We’re All Going to the World’s Fair Review

We’re All Going to the World’s Fair will have a limited theatrical release on April 15, before its nationwide expansion and digital release on April 22.

Set in the world of creepypasta lore and online “challenges,” We’re All Going to the World’s Fair is a slow-burn horror drama that feels, at once, like a combination of elements from several recent movies, and yet a wholly original creation. It follows a young teenage girl, Casey (Anna Cobb), who gets sucked into an online role-playing game, replete with its own winding mythology, in the pursuit of some unspoken transformation. However, despite a premise that feels supernatural at the outset, the story is much more about loneliness and disconnect in the internet age. More introspective than explosive, it’s also one of the moodiest and most atmospheric coming-of-age films to emerge from the recent American independent scene.
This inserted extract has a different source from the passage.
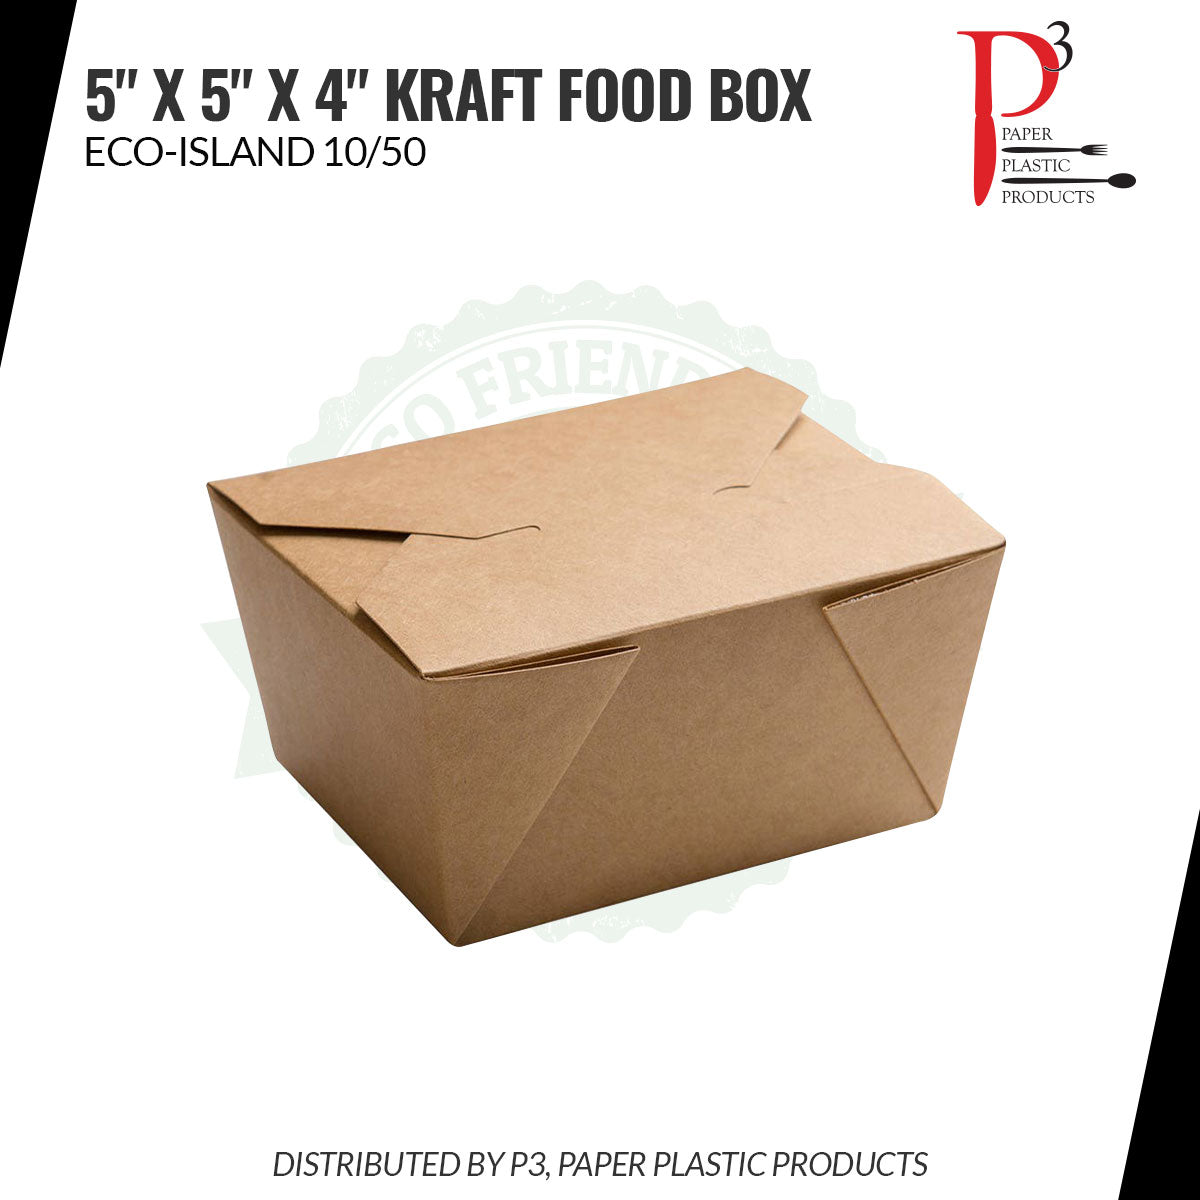 Kraft Food Box 5" x 5" x 4" Eco-Island 4/50

Cobb, in her feature debut, navigates a difficult role with stunning precision. For much of the film, Casey is the only face on screen, beginning with an opening scene from her webcam’s point of view. Her teary-eyed trepidation, in the middle of her darkened attic bedroom, anchors us emotionally as she repeats the phrase “I want to go to the world’s fair” — a modern “Bloody Mary” urban legend of sorts, with minor self-mutilation thrown in for good measure (it’s only a pin prick, but it’s spine-chilling all the same). The next and final step in the “World’s Fair Challenge” is watching a hypnotic, strobing video clip, and while it’s one we don’t actually see, the camera remains transfixed on Casey, as Cobb walks a tightrope between hesitance and excitement. It’s hard not to feel like a participant in the ritual.